Wistar rats (initial body weight: males, 280–290 g, n = 12; females, 220–250 g, n = 6) were purchased from Beijing Vital River Laboratory Animal Technology Co., Ltd. for use in our experiments. The rats were housed in the experimental animal center of Jiangnan University under standard conditions at a constant room temperature of 25 °C ± 2 °C, constant humidity of 50% ± 5%, and a 12 h light-dark cycle. After acclimating for 1 week, the rats were caged at 17:00 with a male: female ratio of 2:1. The day on which sperm was observed in vaginal smears was designated as embryonic day 1 (E 1). The pregnant rats were then kept in a separate cage and divided into two groups: the experimental group (n = 6) and the control group (n = 6). At E 12.5, the pregnant rats in the experimental group (n = 6) were intraperitoneally injected with 600 mg/kg of sodium VPA (sodium VPA powder was mixed with normal saline (NS) to obtain a 250 mg/ml solution) (Tian et al., 2014), whereas those in the control group (n = 6) were injected with NS (Matsuo, Yabuki & Fukunaga, 2017). Schneider et al. found that, compared with the behavioral performance of VPA-induced autistic female rat, the behavior of VPA-induced autistic male rat was more similar to the clinical performance of autistic patients; therefore, in this study, we selected male offspring as the experimental animals (Schneider et al., 2008).

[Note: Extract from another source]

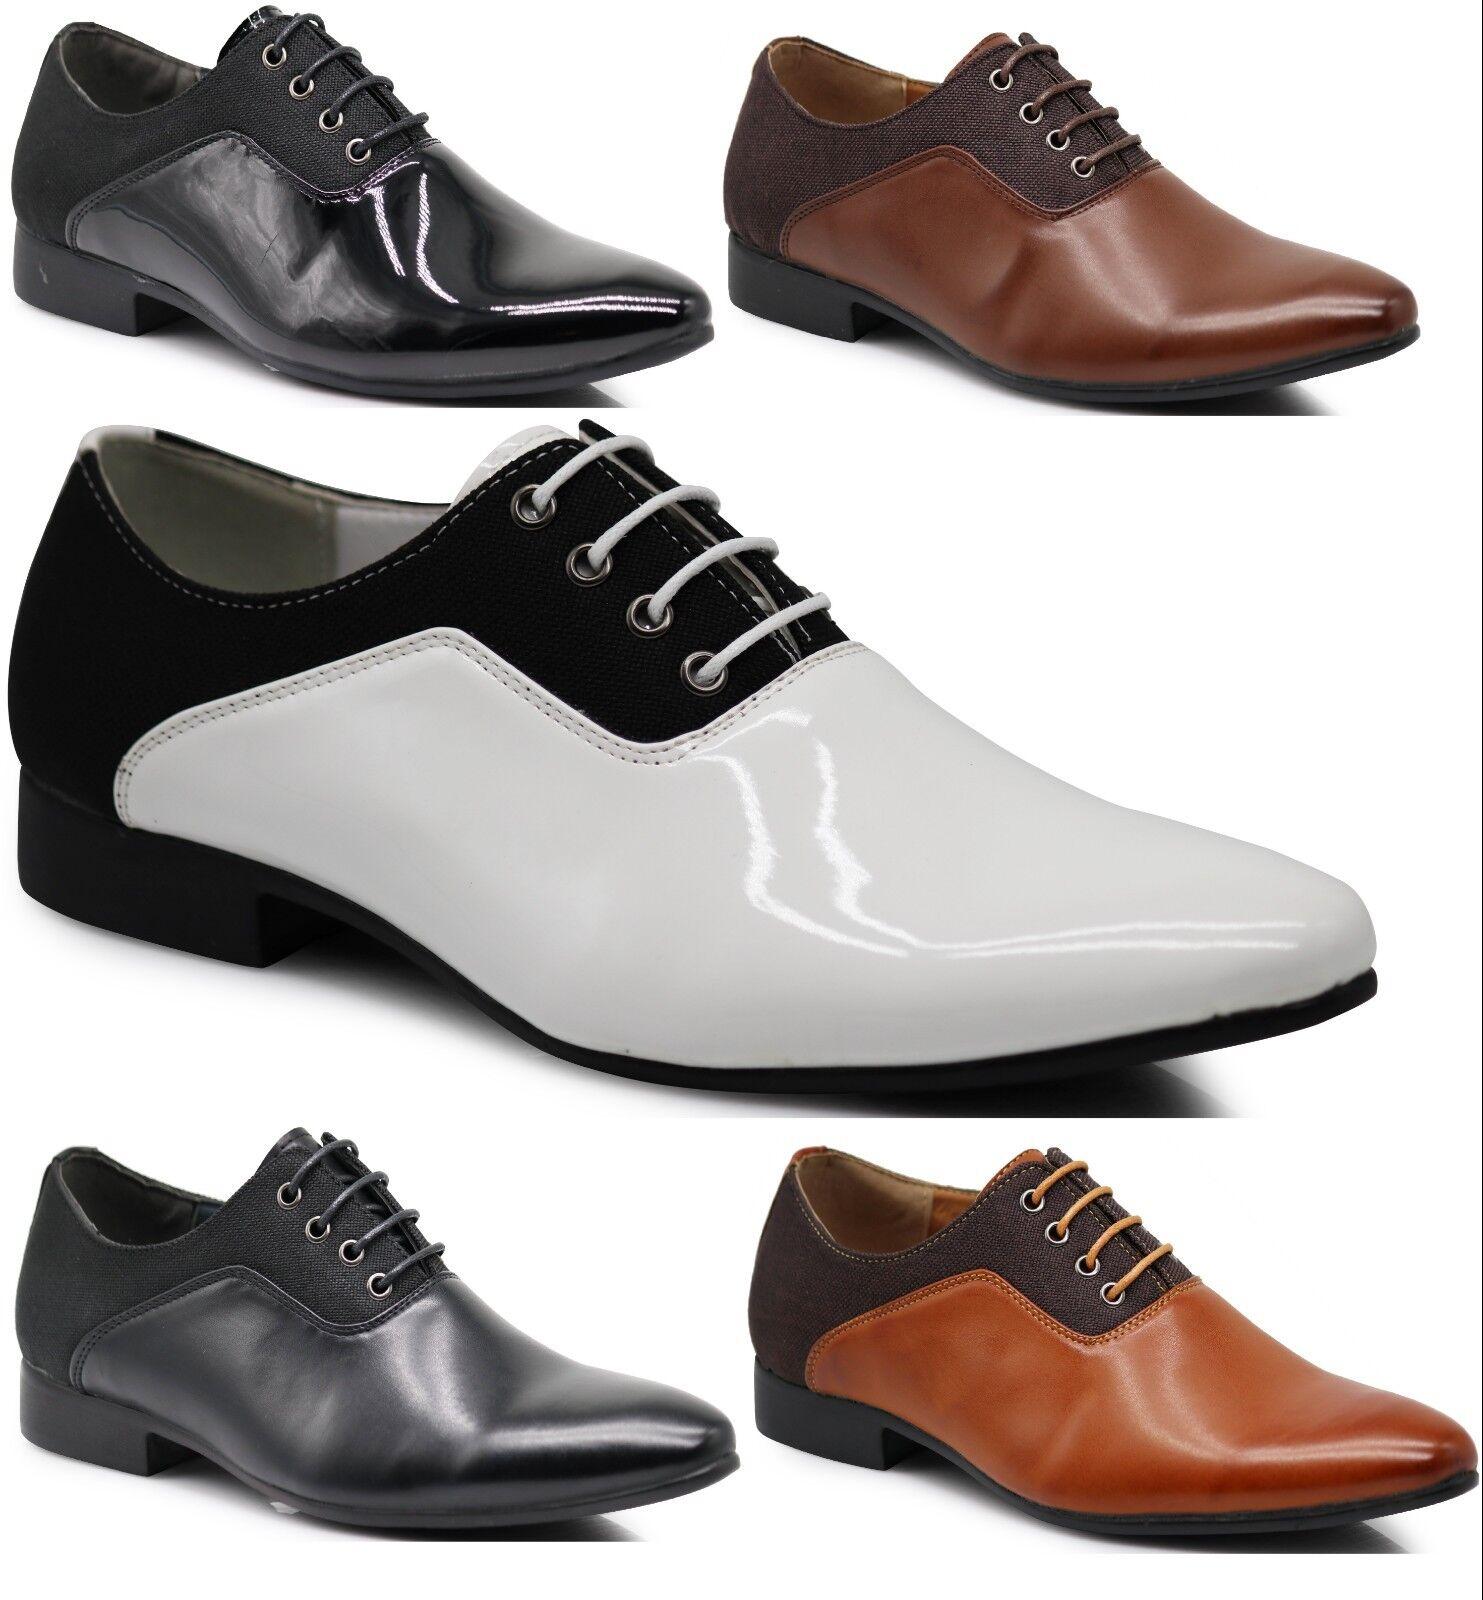 New Men Two Tone Dress shoes Tuxedo Fashion Lace Up Oxfords Patent shoes PL07
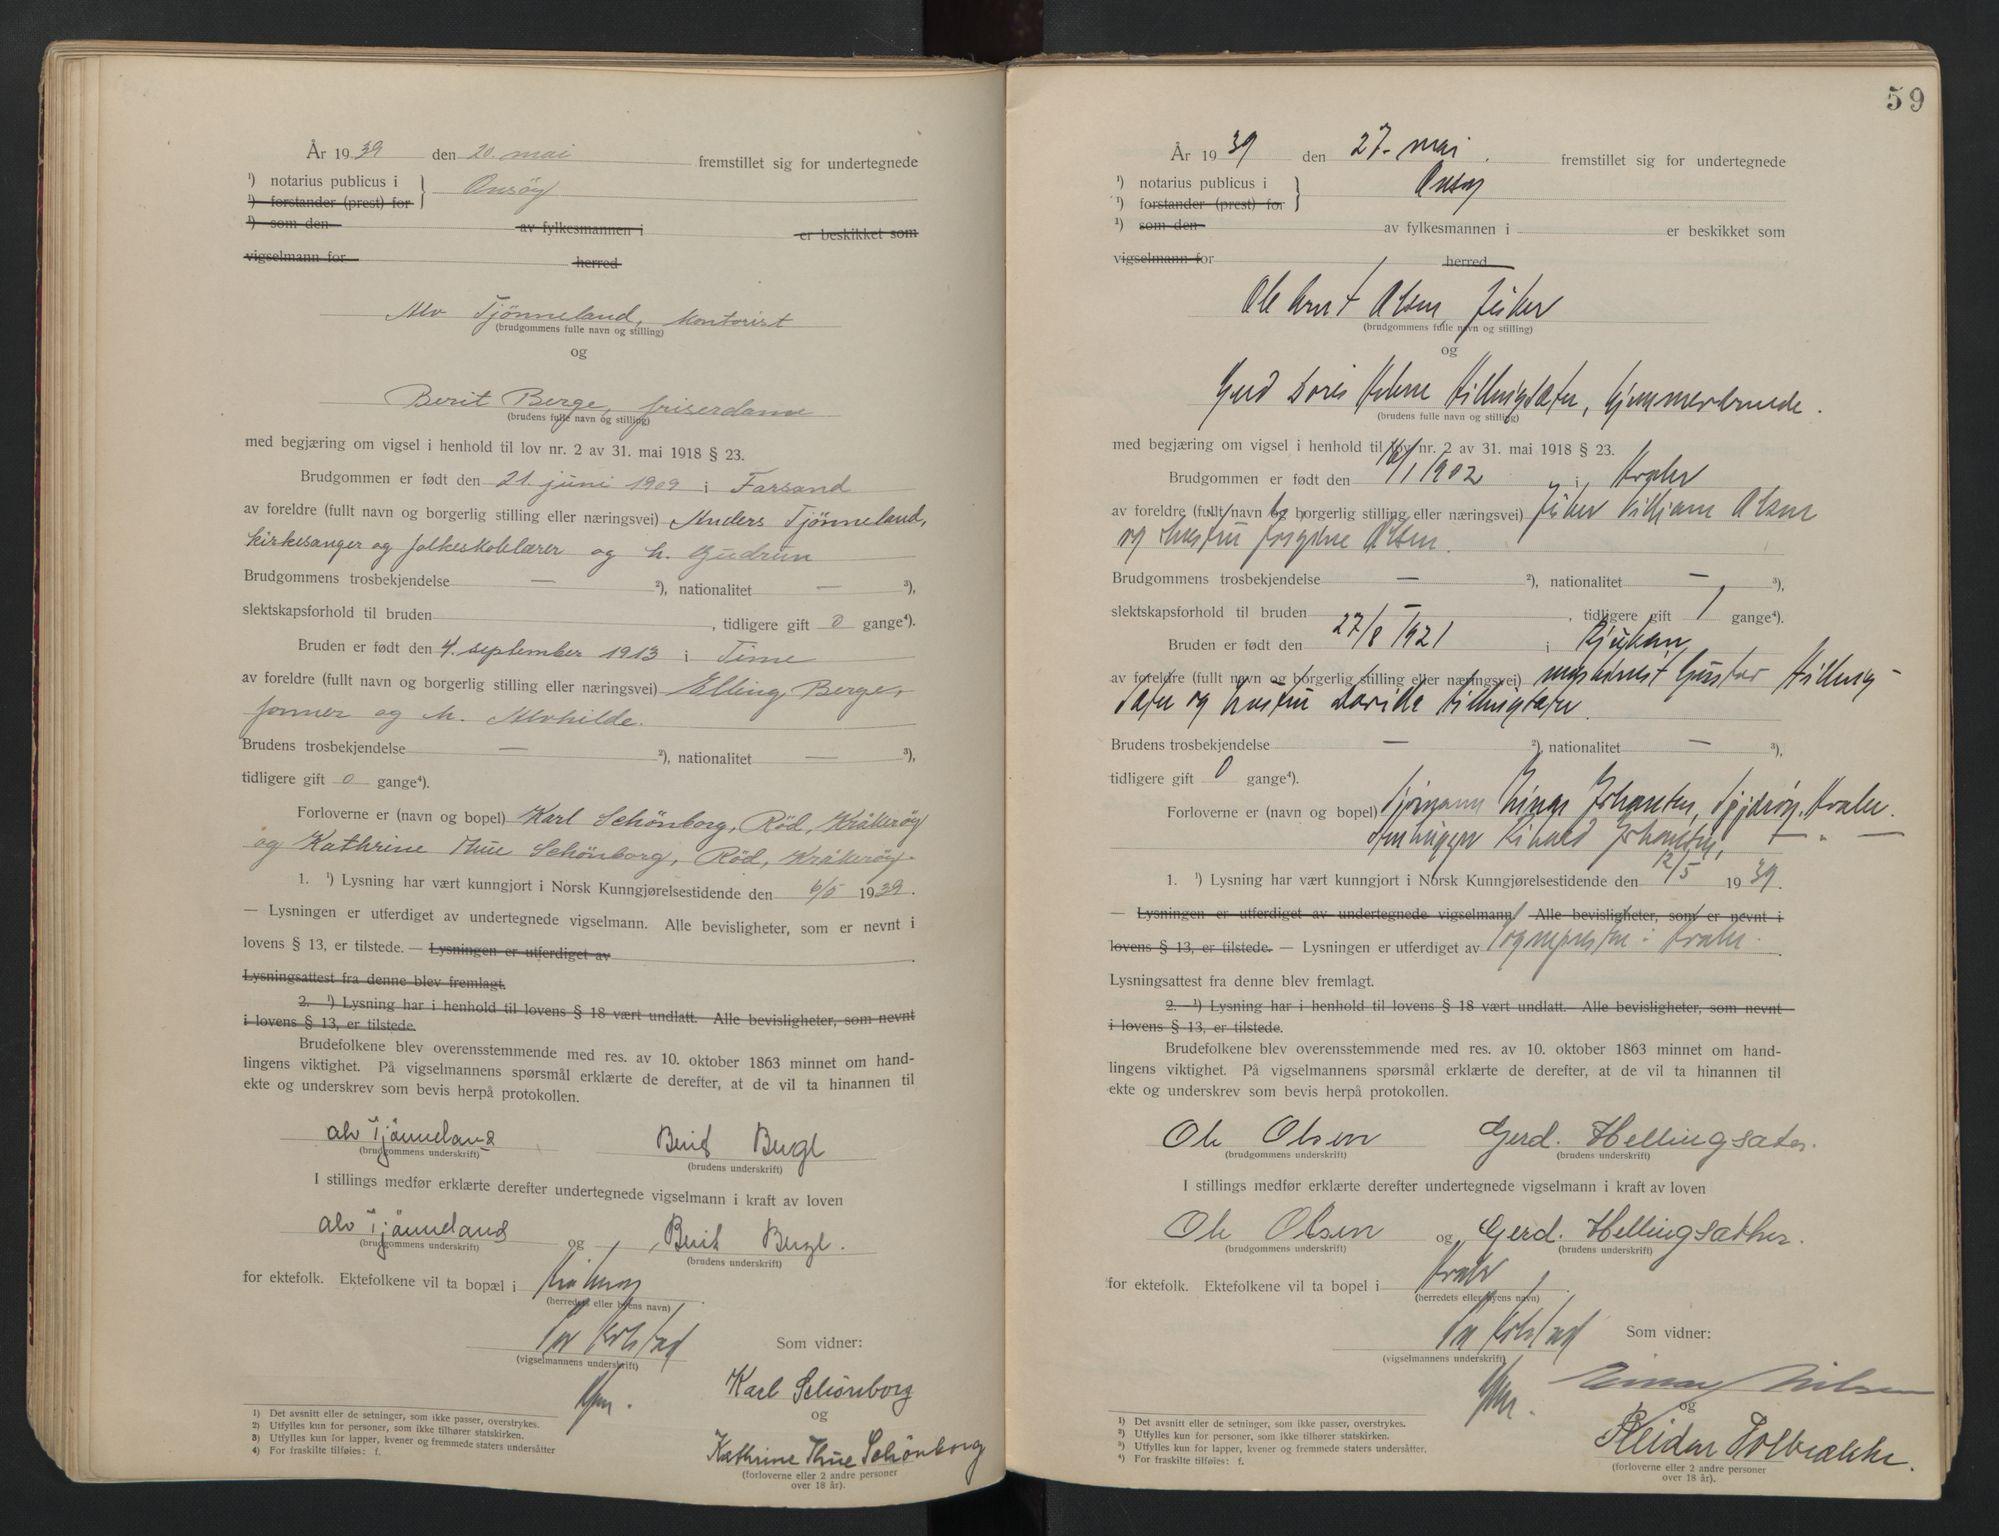 SAO, Onsøy sorenskriveri, L/La/L0001: Vigselsbok, 1920-1942, s. 59

On postnatal day 21, the male offspring of the mother rats injected with normal saline were randomly divided into a control group (n = 6) and the male offspring of the mother exposed to VPA were randomly divided into an autism group (n = 6). In pre-experiment, we found that tooth deformity occurred in a part of VPA-induced autistic rats, which is gradually severe after eating independently (age of 4 weeks). Thus, the rats with tooth deformities must be kicked out to avoid the great effect on the living quality of autistic rats. For these considerations, to ensure the parallelism of the experiment, 6 rats with healthy teeth were finally chosen in every group for the experiment. This study was approved by the Ethics Committee of Experimental Animals in Jiangnan University, China (JN. No. 20180915S0601230[183]), and the procedures were conducted under the European Community Guidelines for the Care and Use of Experimental Animals (Directive 98 2010/63/EU).

Growth and development

Body-weight monitoring

The weight of the offspring rats in the autistic group and healthy group were checked on the 7th, 21st, and 56th days after birth.

Incline test

On the 7th, 8th, 9th, and 10th days after birth, the time taken by rats in the two groups to rotate 180° on a 25° smooth slope in a downward-facing direction was recorded (Zhou et al., 2018). Because the seven-day-old rats took a long time to rotate, a scoring principle was adopted as follows: a rotation angle of 0°–45° was awarded 0.25 points, of 90° 0.5 points, of 90°–180° 0.75 points, and 180° 1 point.

Swimming coordination

Swimming ability was recorded at the ages of 7, 11, and 13 days. The temperature of the water was 25 °C ± 2 °C, and the swimming time was 10 s. After swimming, the rats were dried with sterile towels and put back into the cage. The following scoring criteria were adopted: head-on water and nose underwater = 1 point; head and nose above or equal to the water surface with ears underwater = 2 points; head and nose on or equal to the water surface with the water level around the middle of the ears = 3 points; ears above the water level = 4 points (Zhou et al., 2018).

Behavior test

Open-field test

The core features of autism are frequently accompanied by other manifestations, including limited environmental exploration. The open-field test is a straight-forward test to investigate the activity, locomotor activity, and exploratory behavior in rodents. An open field reaction box of 100 × 100 × 60 cm (length × width × height) in size and with blackened inner walls was used for this test. Locomotor activity was monitored using a video tracking system (EthoVision pro, Noldus Inc., Leesburg, VA). EthoVision software was used to calculate the time spent in the center. The field of vision of the camera covered the whole interior of the open field box. The test time for each rat was 6 min. After testing each rat, 75% (v/v) ethanol was used to wipe the box (Simmons et al., 2020).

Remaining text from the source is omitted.